## Task statement
Find the line that contains "Legend of the". Copy it and every line after it to the end of the material below, exactly, with no pictures.
** Opening Supplied data block **
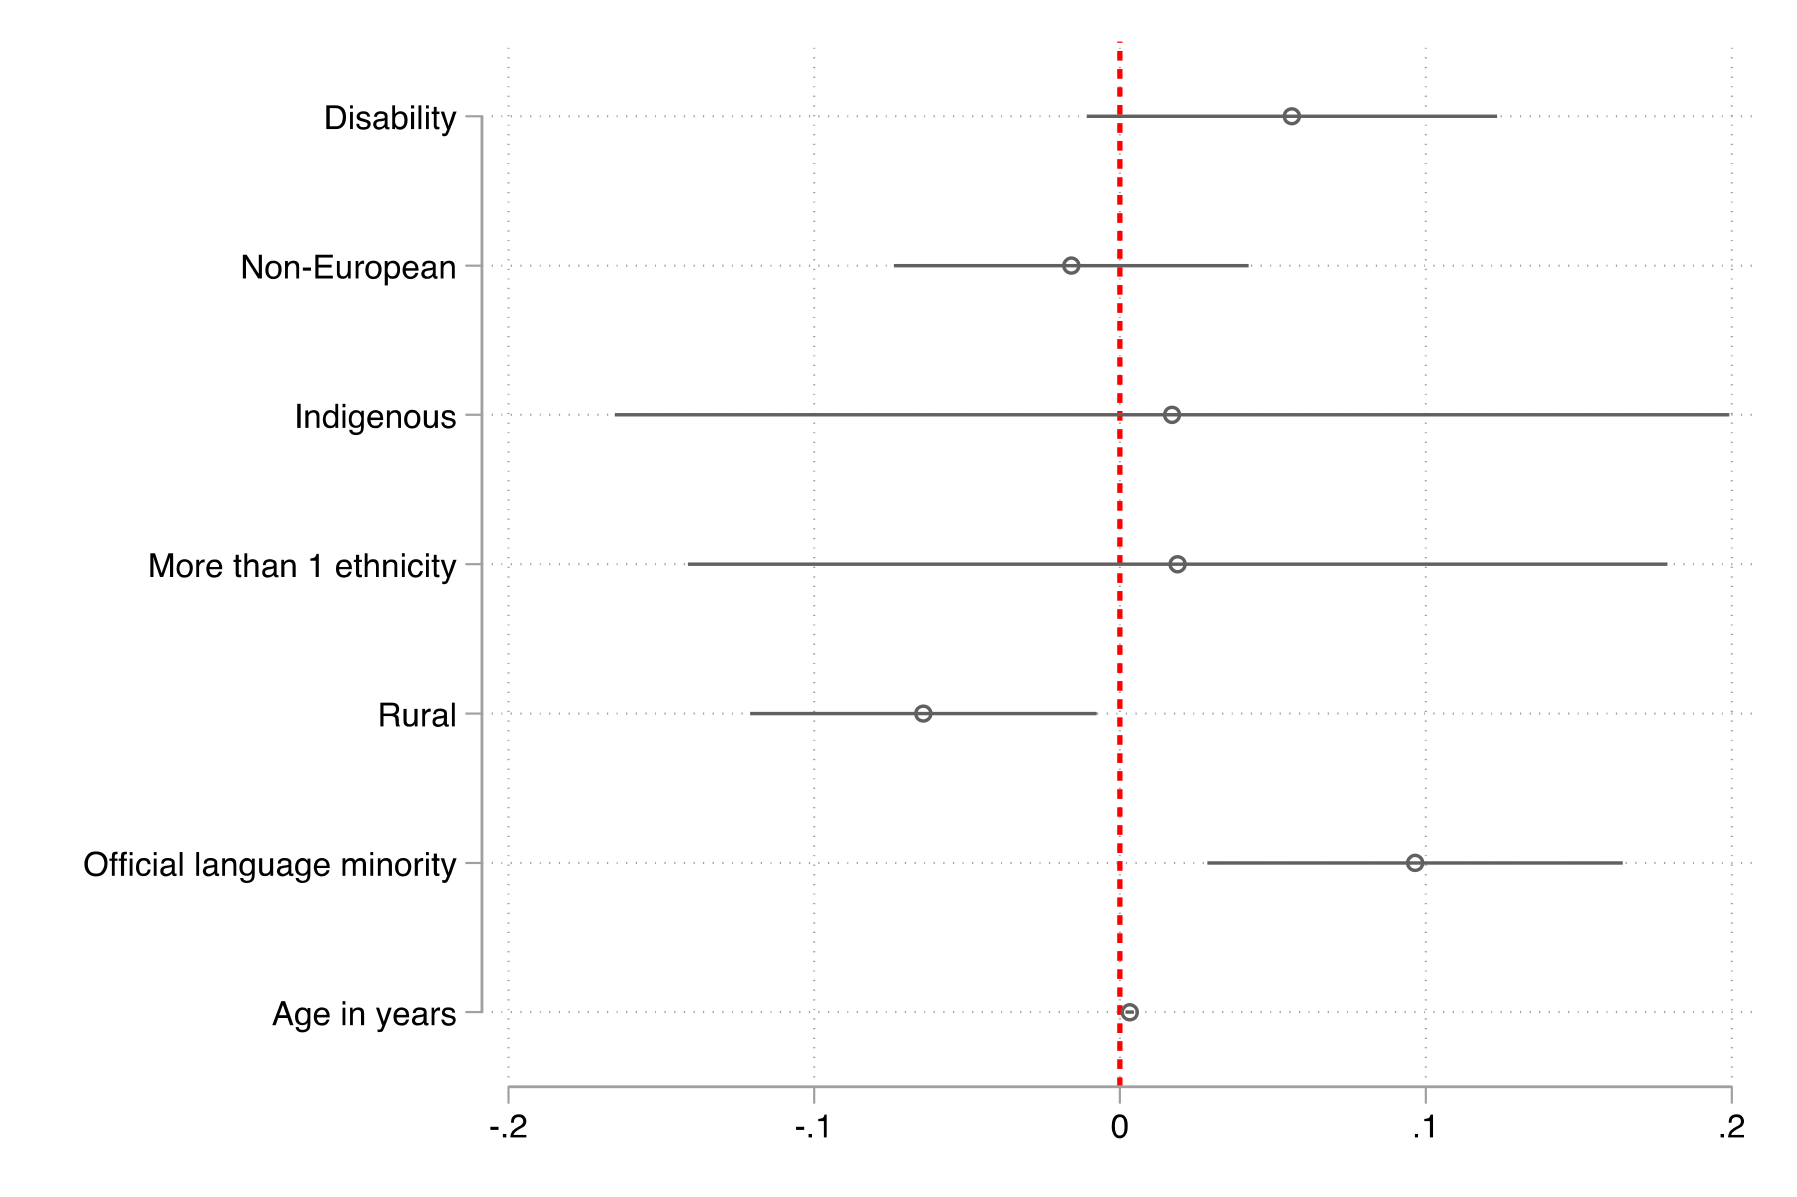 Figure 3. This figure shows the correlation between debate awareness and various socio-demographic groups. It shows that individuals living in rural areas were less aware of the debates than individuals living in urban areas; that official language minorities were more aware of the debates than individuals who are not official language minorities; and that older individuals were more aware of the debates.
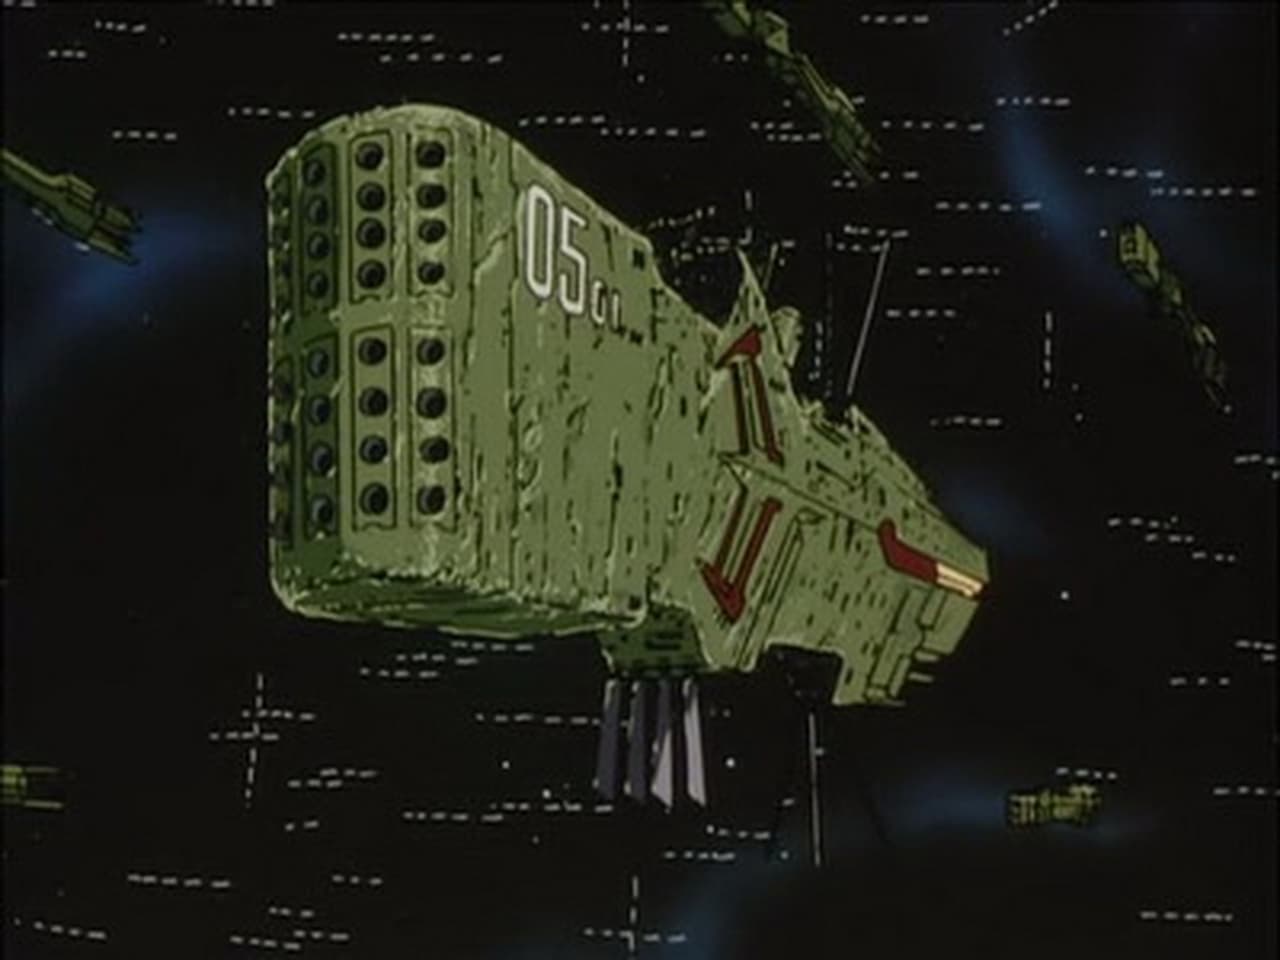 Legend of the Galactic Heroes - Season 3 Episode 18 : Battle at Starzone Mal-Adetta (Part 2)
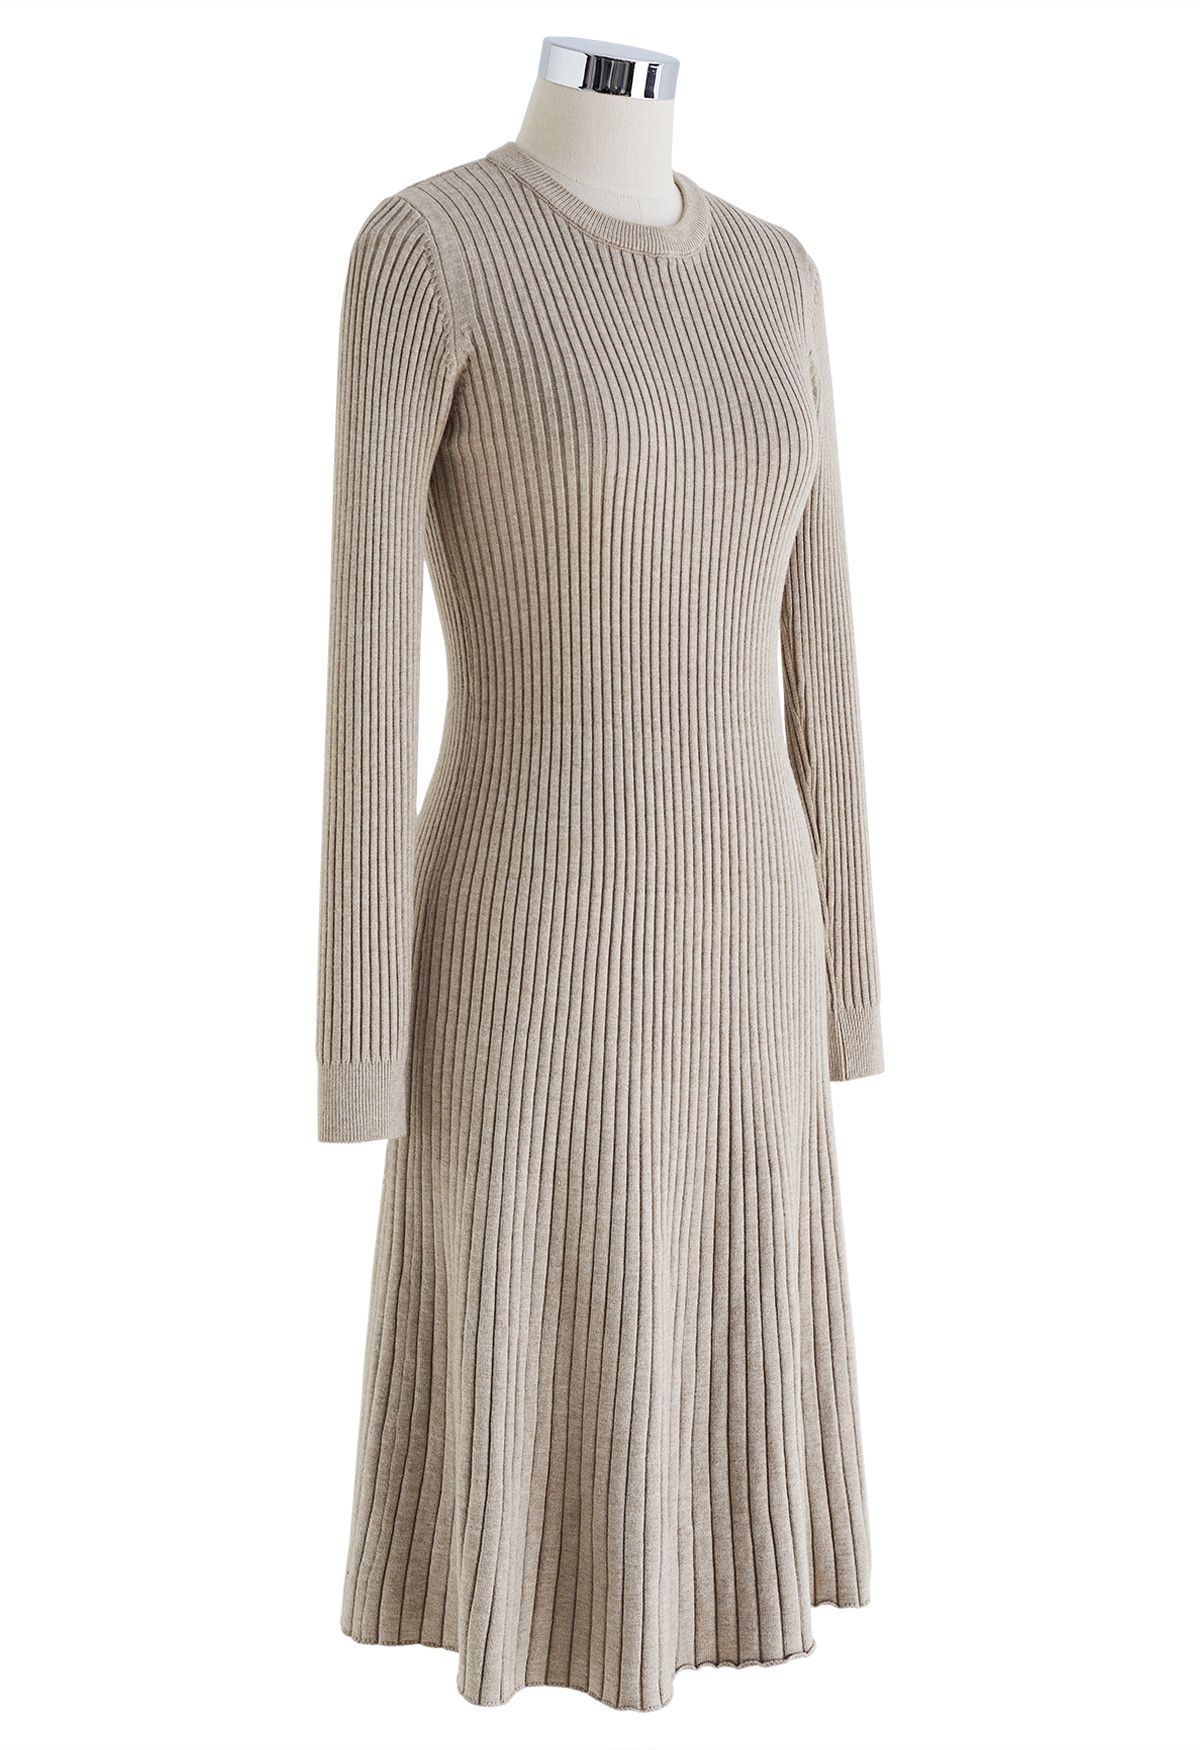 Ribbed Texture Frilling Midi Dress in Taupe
** Closing Supplied data block **
## Task solution
 Legend of the Galactic Heroes - Season 3 Episode 18 : Battle at Starzone Mal-Adetta (Part 2)
 Ribbed Texture Frilling Midi Dress in Taupe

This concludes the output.